One photo shared within the department was a graphic and sexually degrading image that mocked the police killing of Floyd. The photo was shared among the Wichita SWAT team while its officers were working crowd control at Floyd-inspired protests in the summer of 2020. Moore said the officers shared the text to “lighten the mood.”

Police leadership didn’t discipline 11 officers involved in the initial investigation, which started in 2021. The only one who received a suspension was an officer who called former chief Ramsay a tool.

Last month, Moore and Layton announced that three of the officers would be suspended for 15 days, including two officers who shared the Floyd meme: Jaime Crouch and Donielle Watson.

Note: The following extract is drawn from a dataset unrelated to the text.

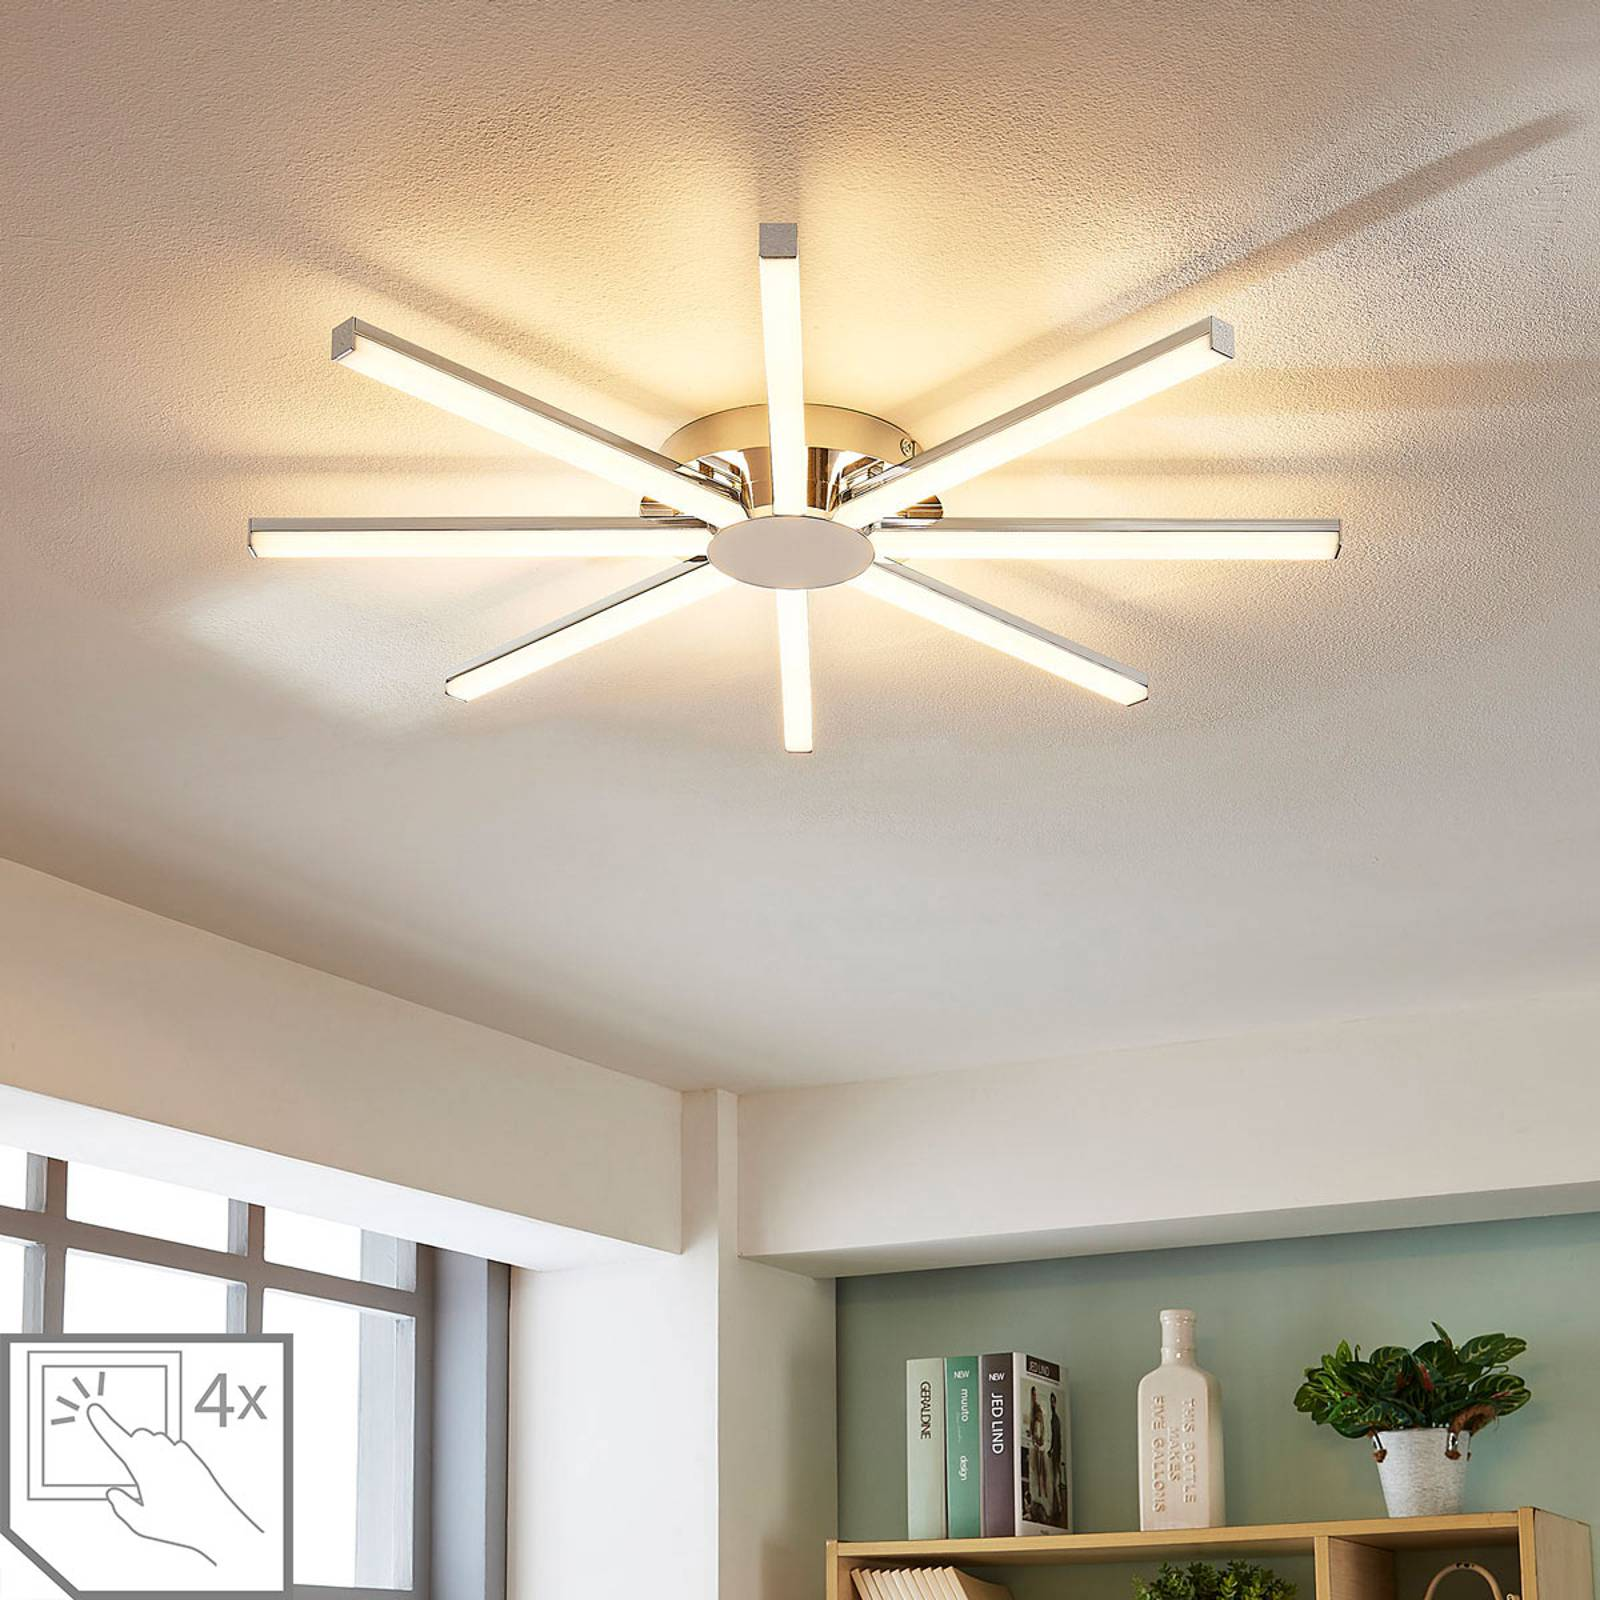 Zonnevormige LED plafondlamp Korona, dimbaar

Chad Spain was suspended after voicing support for the Three Percenters anti-government militia group; city officials said Spain disavowed the group after the Jan. 6 attack on the U.S. Capitol.

Floyd’s killing sparked protests around the world after a teenage bystander released a cell video of a Minneapolis officer pinning Floyd to the street while pressing his knee into Floyd’s neck for 9 minutes and 29 seconds.

Before the video’s release, Minneapolis police’s media relations division downplayed the department’s role in Floyd’s death and in a news release blamed Floyd’s death on a “medical incident during police interaction.”

An “after-action” review by Jensen in 2021 pinpointed that news release as one of the major causes of mistrust in the Minneapolis police department, which “had an influential role in the protest and unrest.”

Similar instances of police obscuring information until it is released by an outside source have led to questions of trust in Wichita.

The department omitted relevant facts about the text messaging case in packets given to the Citizens Review Board, which is supposed to review police disciplinary decisions, and did not report the messages to prosecutors for nearly a year. The police’s media relations team and interim chief refused to answer questions or talk about the text messages, which were leaked to The Eagle, for two weeks, waiting until after an initial story was published. In response, the City Council gave additional authority to the Citizen Review Board, allowing it to release a written report on the text messages without naming officers.

The city has not released the names of any of the officers involved, but many have been identified by The Eagle.

Another source of contention at City Hall surrounds Moore’s decision to promote Justin Rapp, the officer who killed 28-year-old Andrew Finch in 2017. Moore reportedly told elected officials and the city manager that there was nothing in Rapp’s personnel file that could deny him a promotion.

Weeks after Rapp was promoted, a leaked document surfaced that showed Rapp had been denied a promotion previously because he said he planned to tell Finch’s family to “get over it” if he ever saw them in public.

Finch’s death is one of at least two police killings that have led to ongoing civil lawsuits; the other is a state lawsuit in the death of Icarus Randolph. Wichita recently settled two suits for more than $1 million after fighting the families of Marquez Smart and Troy Lanning in court for nearly a decade.